Not much hope for a hobbyist then it seems. I took DC, some AC, semicondcutors and tubes (it was several decades ago),
Boolean algebra and some digital and one basic microprocessor class I never finished; (It was the 8080 or something like that).
Once class was assembly of a power supply. do I remember all the theory I was taught? No. that's why I have been breadboarding
now trying to put it all together. Maybe a lost cause.
 

WBahn

Joined Mar 31, 2012
29,512
Sounds like you are about my age or even a bit older. Unfortunately, companies (pretty much of any size) that are going to hire someone with minimal skills are probably looking at doing so as an investment in what you can learn and eventually become to them. That means that they are looking for someone pretty new and fresh that just currently lacks the experience -- and hence is going to be paid accordingly. They aren't looking for someone our age, who will (rightly or wrongly) be viewed as someone that is unlikely to grow beyond what they bring to the table to begin with.

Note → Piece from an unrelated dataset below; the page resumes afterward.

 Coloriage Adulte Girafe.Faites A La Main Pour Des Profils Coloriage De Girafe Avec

My guess is that, if you do find someone willing to hire you, it will be a small house that is looking for someone to do what is the equivalent of electronics manual labor for very low pay. The good news is that those kinds of employers are usually more more willing to let you grow into whatever level of work you are capable of even if they didn't expect it to happen.
 

Thread Starter

RUSTYWIRE

Joined Aug 28, 2023
61
Sounds like you are about my age or even a bit older. Unfortunately, companies (pretty much of any size) that are going to hire someone with minimal skills are probably looking at doing so as an investment in what you can learn and eventually become to them. That means that they are looking for someone pretty new and fresh that just currently lacks the experience -- and hence is going to be paid accordingly. They aren't looking for someone our age, who will (rightly or wrongly) be viewed as someone that is unlikely to grow beyond what they bring to the table to begin with.

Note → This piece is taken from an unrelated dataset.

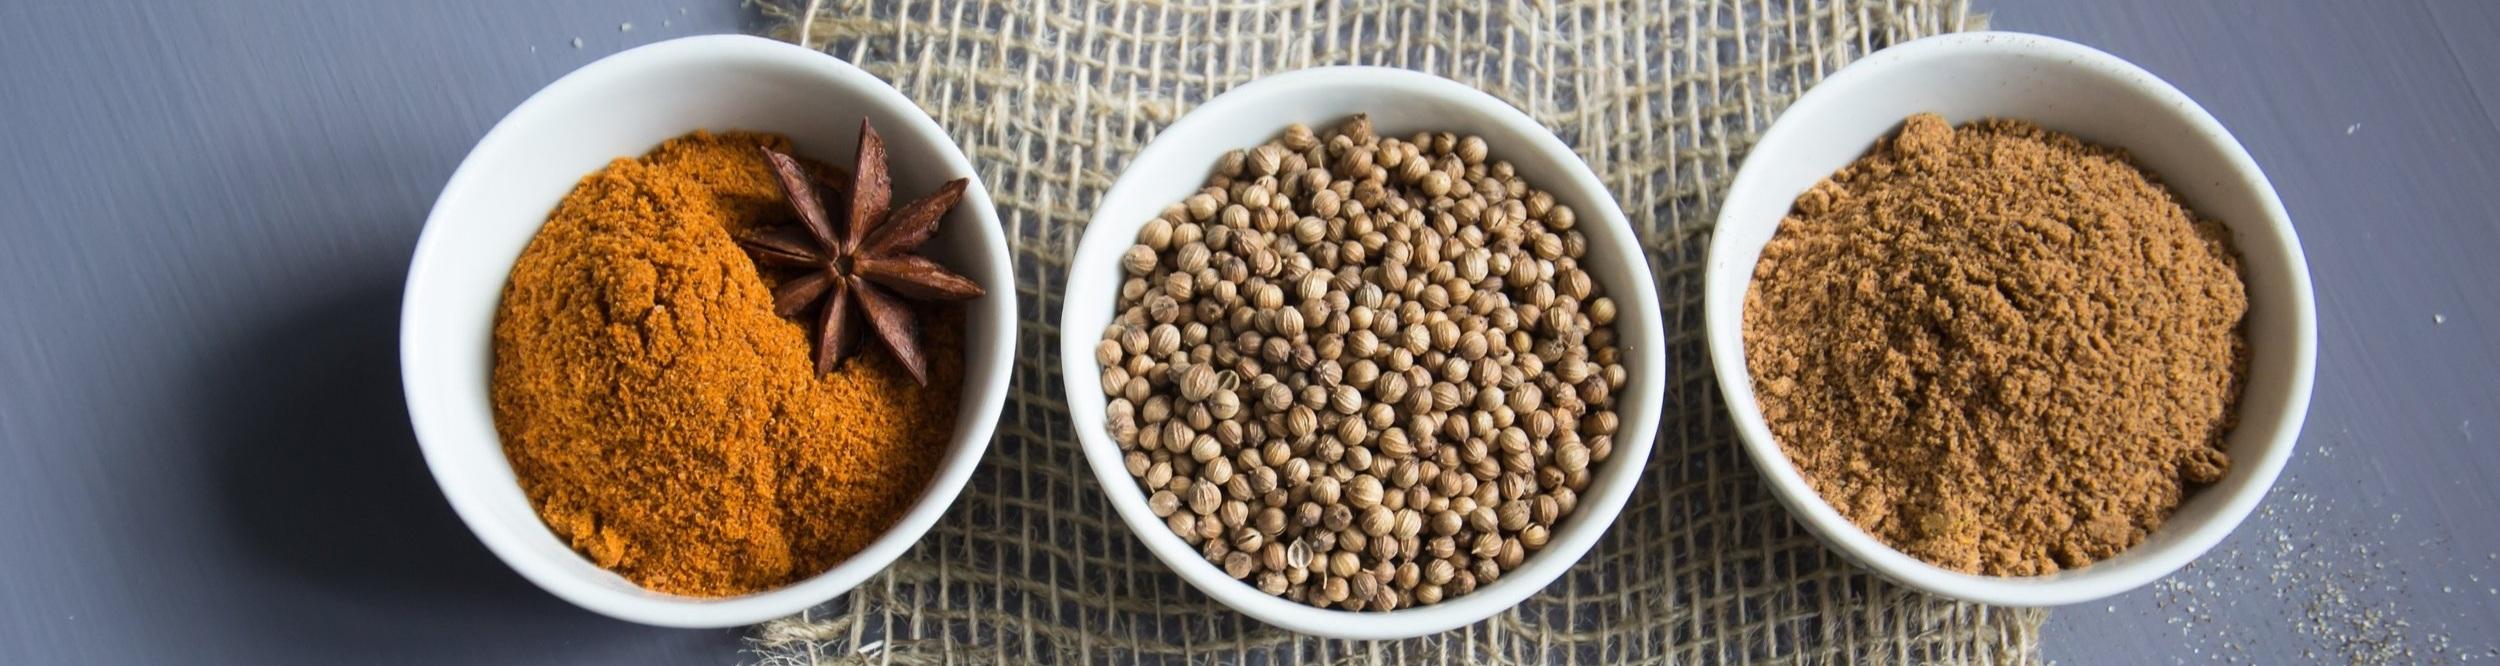 aroma-aromatic-bowls-674483.jpg

My guess is that, if you do find someone willing to hire you, it will be a small house that is looking for someone to do what is the equivalent of electronics manual labor for very low pay. The good news is that those kinds of employers are usually more more willing to let you grow into whatever level of work you are capable of even if they didn't expect it to happen.
Age discrimination. I get it but I see what you are saying.

I wonder at what threshold of skill, say with older guitar amplifiers, old stereos etc.,
(discreet through hole components, even tubes) that a person can declare and feel
that they are ready to do the real world work? I'm talking about based on deliberate
learning and hobbying style skill improvement. It's not like I'm starting from zero.
On the other hand, considering the advances in modern electronics technology and
new graduates with AS degrees, maybe I'm beating a dead horse. I do enjoy the
concept of electronics, but maybe I'll be better off just being a hobbyist.